= Harry Lawrence Freeman =

American composer and conductor (1869–1954)

Harry Lawrence Freeman

Harry Lawrence Freeman (October 9, 1869 – March 24, 1954) was an American neoromantic opera composer, conductor, impresario and teacher. He was the first African-American to write an opera (Epthalia, 1891) that was successfully produced. Freeman founded the Freeman School of Music and the Freeman School of Grand Opera, as well as several short-lived opera companies which gave first performances of his own compositions. During his life, he was known as "the black Wagner."

==Biography==
Harry Lawrence Freeman was born in Cleveland, Ohio, in 1869, to parents Lemuel Freeman and Agnes Silms-Freeman. Freeman learned to play the piano and was an assistant church organist by the age of 10. At the age of 18, he was inspired to begin composing his own music after attending a performance of Richard Wagner's opera Tannhäuser.

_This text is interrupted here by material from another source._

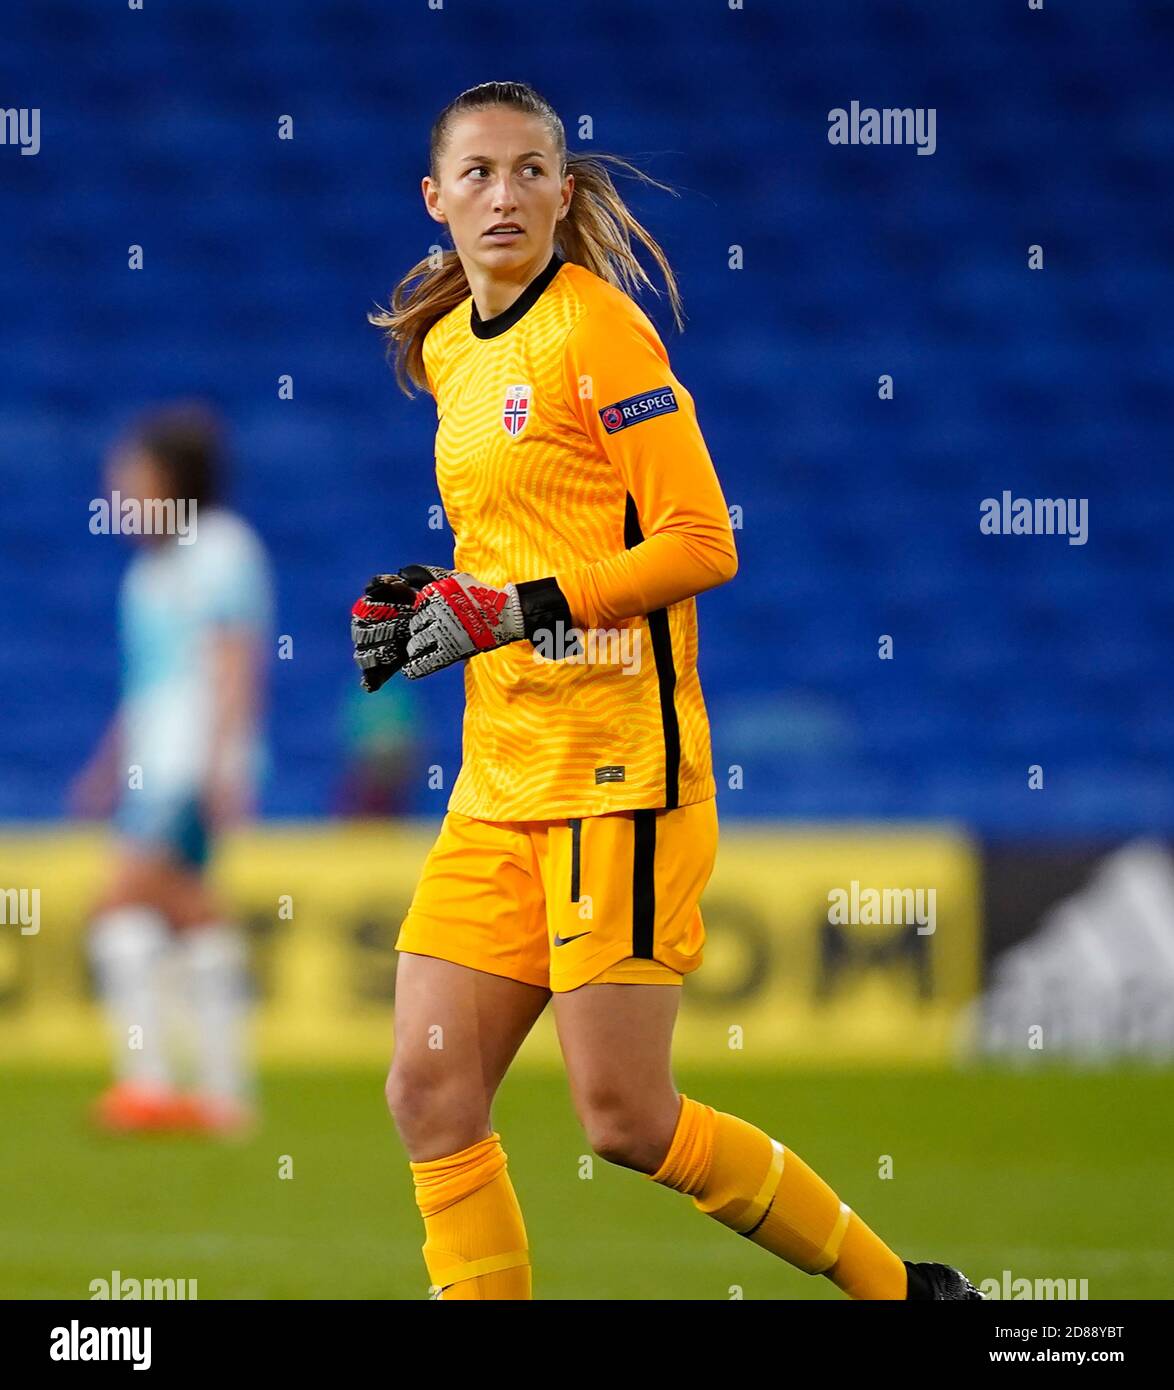 Cardiff, UK. 27th Oct, 2020. Cecille Fiskerstrand Norway's goalkeeper seen in action during the Wales v Norway UEFA Women's EURO 2022 Qualifying Round at Cardiff Stadium.( final score; Norway 1:0 Wales ) Credit: SOPA Images Limited/Alamy Live News Stock Photo

===Early career: Freeman Opera Company===
By the age of 22, Freeman had founded the Freeman Opera Company in Denver, Colorado. His first opera, Epthelia, was performed at the Deutsches Theater in Denver in 1891. His second opera, The Martyr, premiered at the same theater on August 16, 1893. It was also produced by the Freeman Opera Company, and concerned an Egyptian nobleman put to death for accepting the religion of Jehovah. The Freeman Opera Company went on to produce The Martyr in Chicago in October 1893 and in Cleveland in 1894. This was the first opera in the United States to be produced by an all-Black production company. The Martyr is also listed by John Warthen Struble as "produced in Denver, first known opera by an African-American composer." Although this is clearly incorrect given the staging of Epthelia two years earlier, Freeman was certainly a pioneering classical composer in the African-American community.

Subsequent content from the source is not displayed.